Kurt Hofstetter is a graduate of the University of Natural Resources and Applied Life Sciences in Vienna. As an employee of the City of Vienna since 1991, he has been involved in various leadership functions with urban planning and development issues, including zoning and development planning as well as landscape planning for the whole of Vienna. From 2003 to 2015 he was significantly involved in the urban development of Seestadt Aspern in Vienna. He then was director of the International Building Exhibition “IBA_Vienna – New Social Housing” from 2016 to 2022, which held its final presentation in 2022. Since 2023, he has been involved in strategic projects for the City of Vienna and in International affairs on the topic of housing as an expert on housing issues. This brings a main focus to linking social objectives with the requirements of the climate crisis. Among other things, he is a member of the jury for property developer competitions and on the quality advisory board of the Vienna Housing Fund (“Wohnfonds Wien”).

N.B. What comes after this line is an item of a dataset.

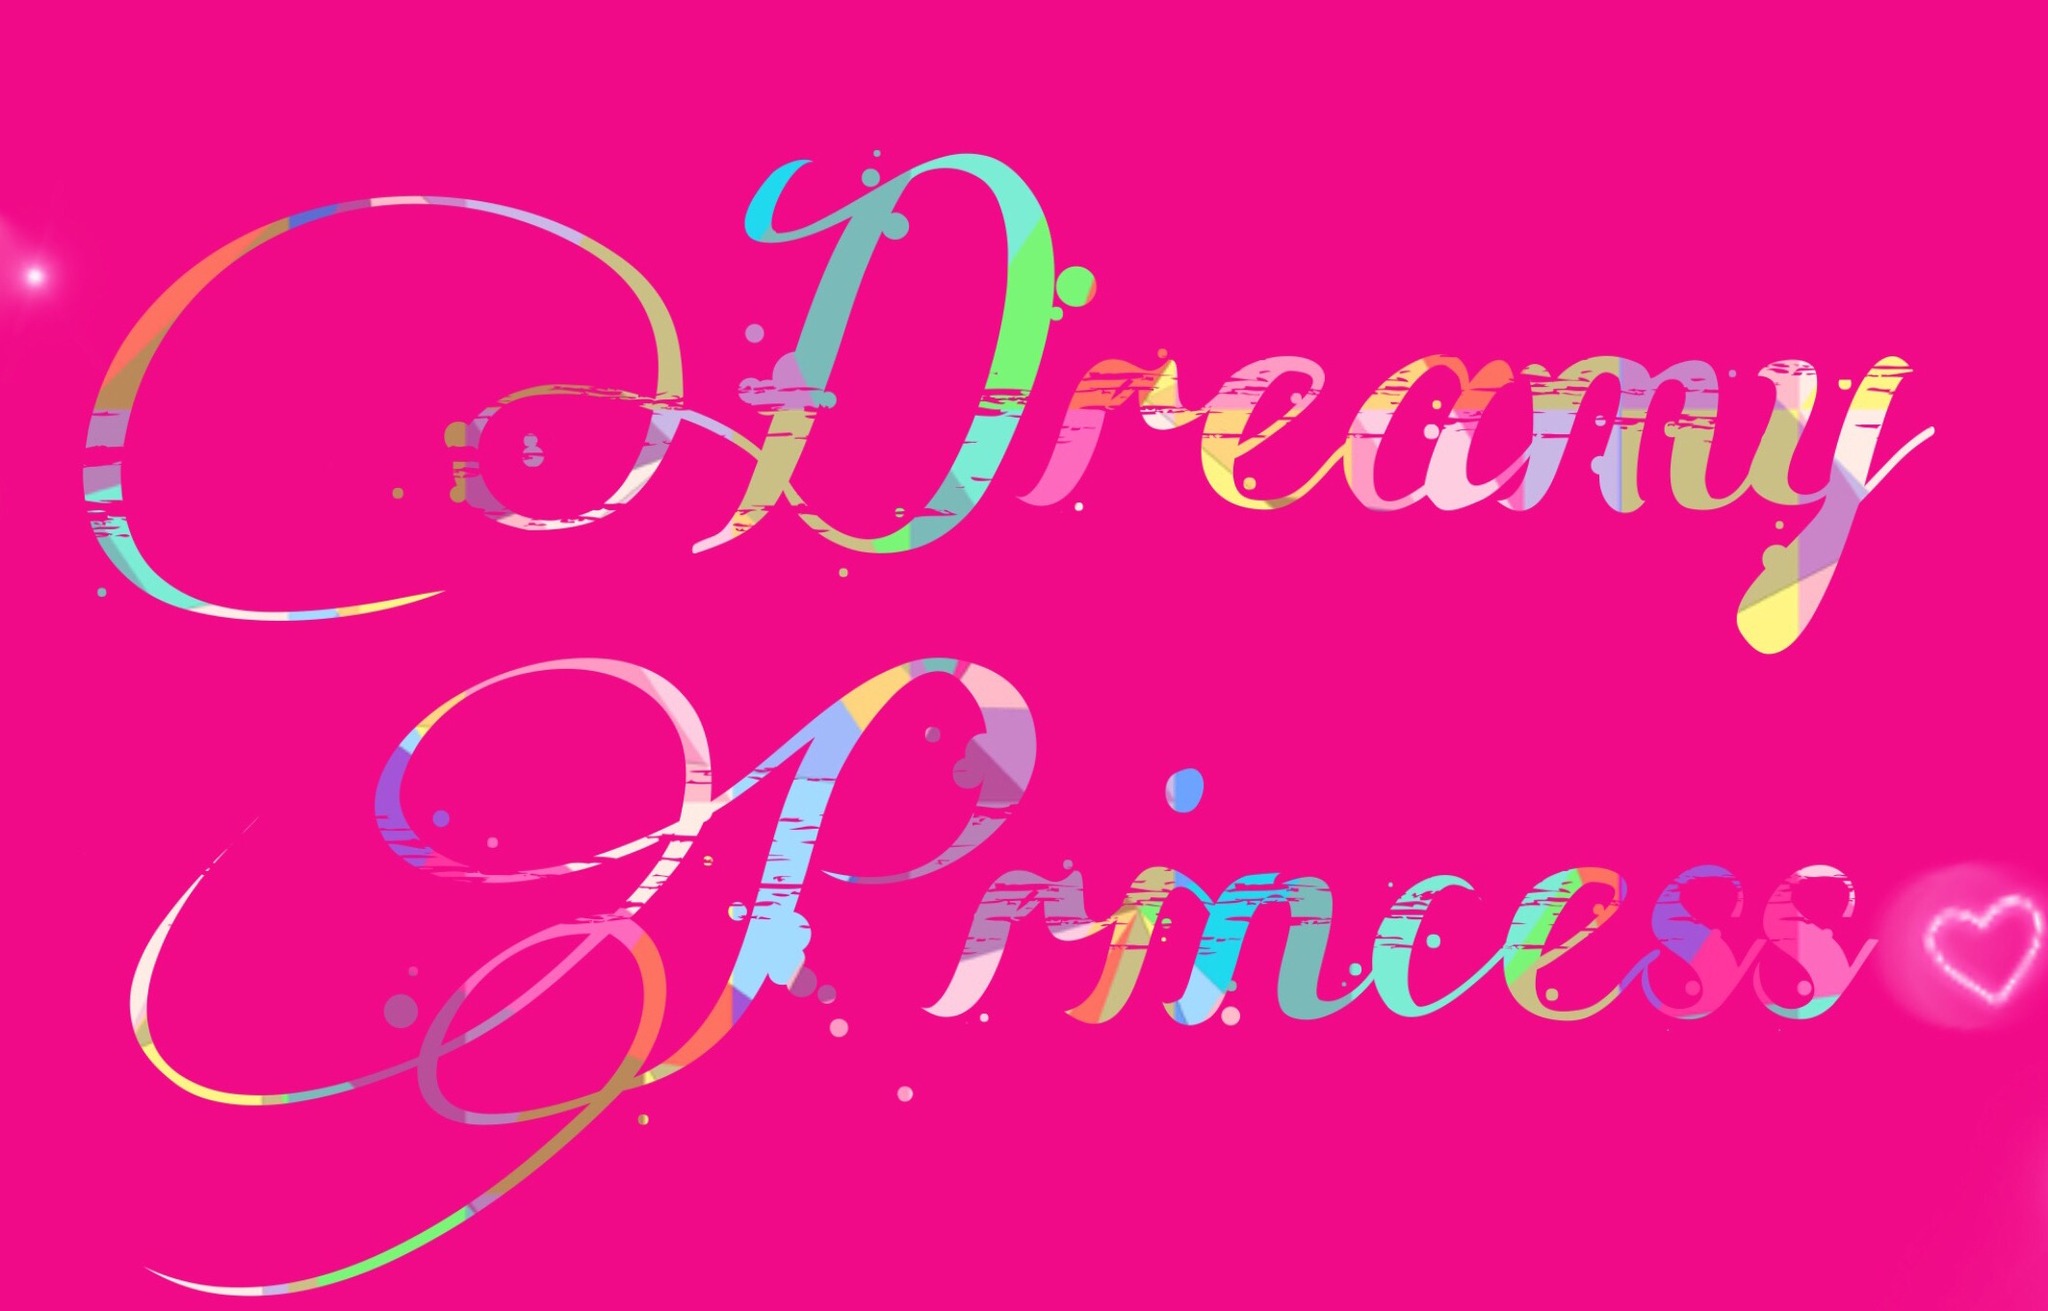 Dreamy Princess

Elke Krasny is professor at the Academy of Fine Arts Vienna. Krasny’s writing and research connects spatial, urban and environmental humanities with a focus on social reproduction and dimensions of care in in architecture, urbanism, and contemporary curatorial and artistic practices. Furthermore, Krasny contributes to critical museology and practices of curating, in particular feminist and queer activism in museum curating as well as urban curating. Her exhibition Hands-On Urbanism was included in the 2012 Biennale of Architecture in Venice. Krasny co-edited Critical Care. Architecture and Urbanism for a Broken Planet with Angelika Fitz (MIT Press, 2019), Radicalizing Care. Feminist and Queer Activism in Curating (Sternberg Press 2021), Feminist Infrastructural Critique with Sophie Lingg and Claudia Lomoschitz (FKW Journal, 2024), and Abundance not Capital. The Lively Architecture of Anupama Kundoo with Angelika Fitz (MIT Press, 2025).

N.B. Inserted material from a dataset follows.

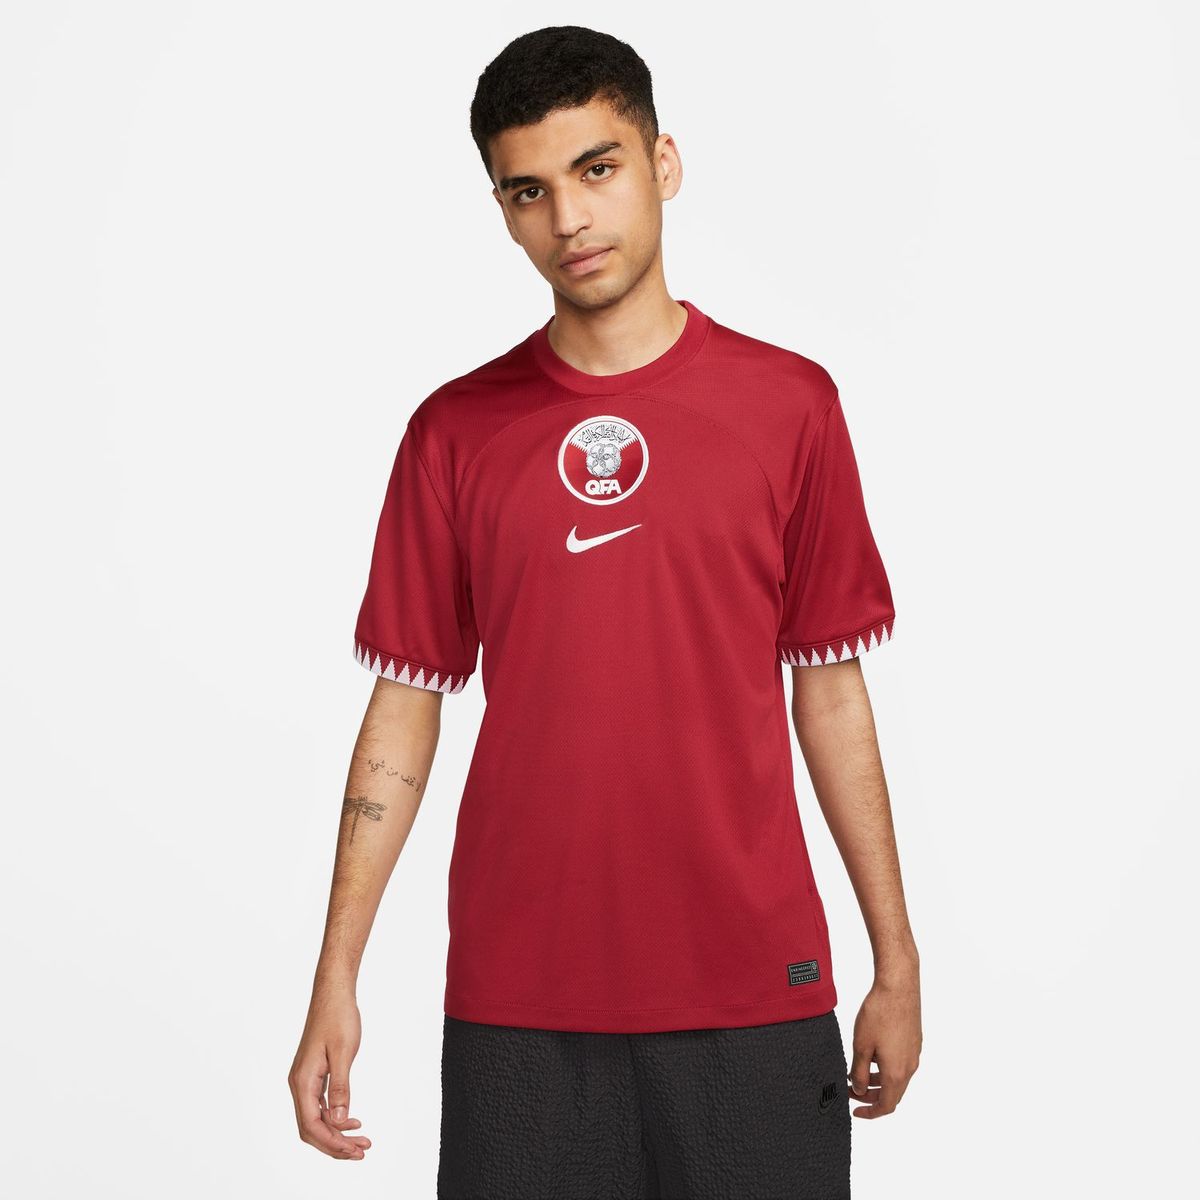 Nike Katar Heim Herren Trikot

Verena von Beckerath is an architect based in Berlin and a co-founder of the architecture practice Heide & von Beckerath. She studied sociology, art history and psychology in Paris and Hamburg and architecture at Technische Universität Berlin. She was teaching and research assistant at Universität der Künste Berlin and visiting professor at Technische Universität Braunschweig and Cornell University. Verena von Beckerath held a fellowship at the Akademie Schloss Solitude in Stuttgart and was a recipient of the Rome Prize at the German Academy in Rome Villa Massimo. Since 2016, she has been a professor of architecture at Bauhaus-Universität Weimar where she holds the Chair of Design and Housing.

Tim Heide is an architect based in Berlin and a co-founder of the architecture practice Heide & von Beckerath. He studied design at Universität der Künste Berlin and graduated in architecture at Technische Universität Berlin. He has held teaching positions at Berliner Hochschule für Technik and Potsdam School of Architecture and was a professor of architecture at Technische Universität Berlin where he led the Chair of Design and Building Construction. Tim Heide was visiting professor at Cornell University and lectures extensively throughout Germany and abroad. From 2019 until 2024, he has been serving as chairman of the board of the Deutscher Werkbund Berlin.

Heide & von Beckerath is an architecture practice based in Berlin. Applying both conceptual and rational thinking, their projects are informed by structural and formal clarity. The range of work covers urban design, architecture, interior design and research. In treating every project in its formal, cultural and social dimensions as a whole, the studio collaborates with other architects and specialists where appropriate. Their work is widely and internationally exhibited and published and has received numerous prestigious awards.